DQRuleManager Objects

@dataclass(frozen=True)
class DQRuleManager()

Orchestrates the application of a data quality rule to a DataFrame and builds the final check result.

The manager is responsible for:

  • Executing the rule using the appropriate row or dataset executor.
  • Applying any filter condition specified in the rule to the check result.
  • Combining user-defined and engine-provided metadata into the result.
  • Constructing the final structured output (including check name, function, columns, metadata, etc.) as a DQCheckResult.

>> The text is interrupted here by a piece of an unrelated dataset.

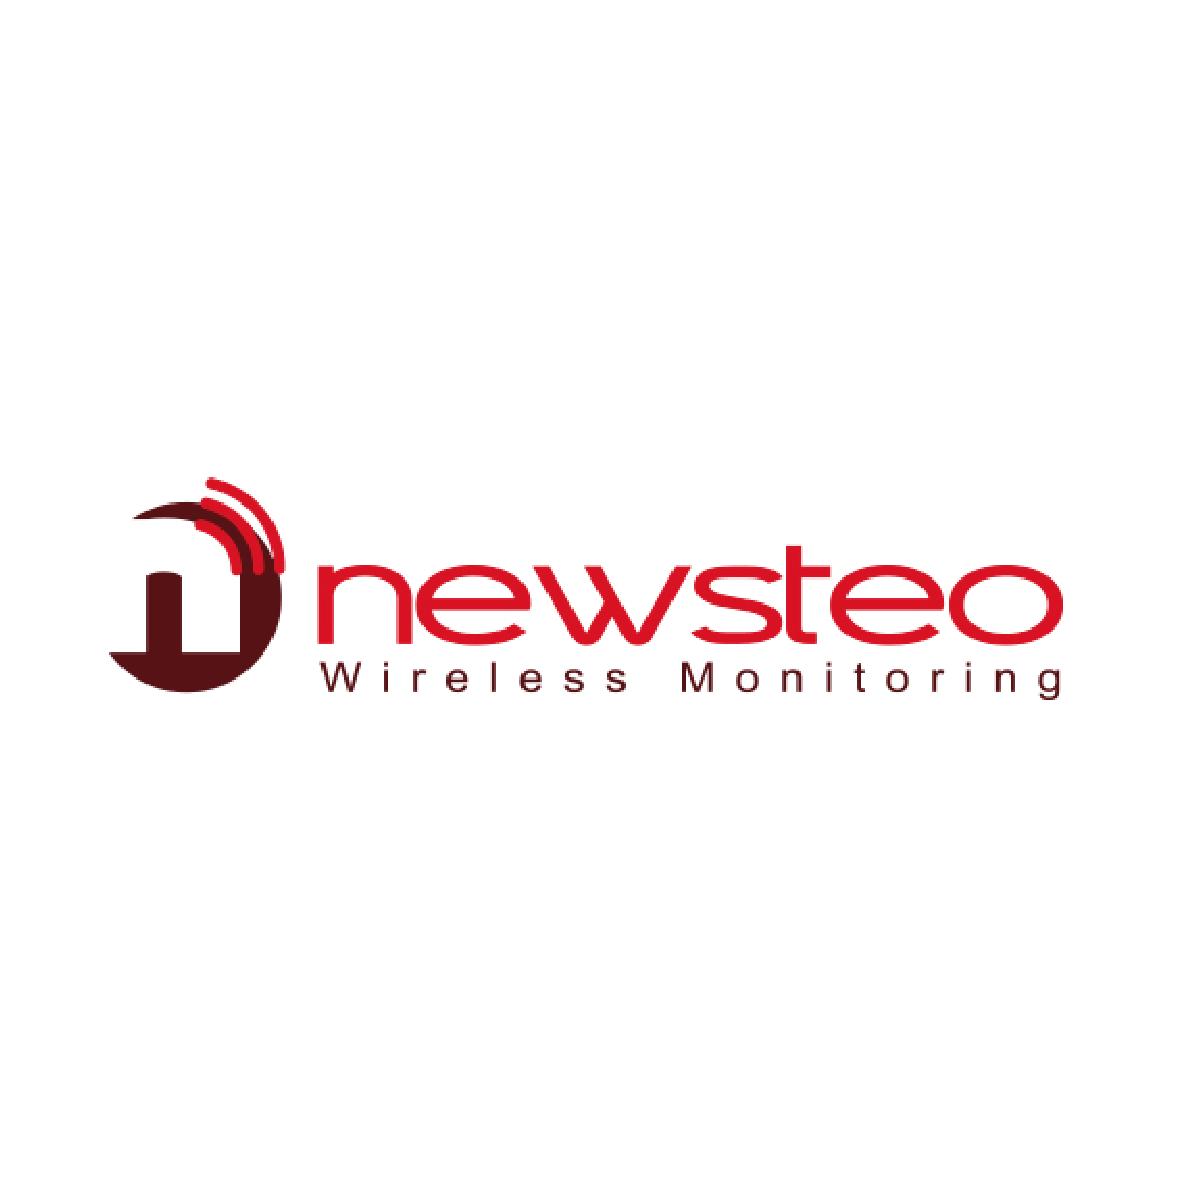 Newsteo

The manager does not implement the logic of individual checks. Instead, it delegates rule application to the appropriate DQRuleExecutor based on the rule type (row-level or dataset-level).

Attributes:

  • check - The DQRule instance that defines the check to apply.
  • df - The DataFrame on which to apply the check.
  • engine_user_metadata - Metadata provided by the engine (overridden by check.user_metadata if present).
  • run_time_overwrite - Optional timestamp override. If None, current_timestamp() is used for per-micro-batch timestamps.
  • ref_dfs - Optional reference DataFrames for dataset-level checks.
  • run_id - Optional unique run id.

user_metadata

@cached_property
def user_metadata() -> dict[str, str]

Returns user metadata as a dictionary.

filter_condition

@cached_property
def filter_condition() -> Column

Returns the filter condition for the check.

invalid_columns

@cached_property
def invalid_columns() -> list[str]

Returns list of invalid check columns in the input DataFrame.

has_invalid_columns

@cached_property
def has_invalid_columns() -> bool

Returns a boolean indicating whether any of the specified check columns are invalid in the input DataFrame.

has_invalid_filter

@cached_property
def has_invalid_filter() -> bool

Returns a boolean indicating whether the filter is invalid in the input DataFrame.

invalid_sql_expression

@cached_property
def invalid_sql_expression() -> str | None

Returns an invalid expression for sql expression check.

process

def process() -> DQCheckResult

Process the data quality rule (check) and return results as DQCheckResult containing:

  • Column with the check result
  • optional DataFrame with the results of the check

Skip the check evaluation if column or columns, or filter in the check cannot be resolved in the input DataFrame. Return the check result preserving all fields with message identifying invalid fields.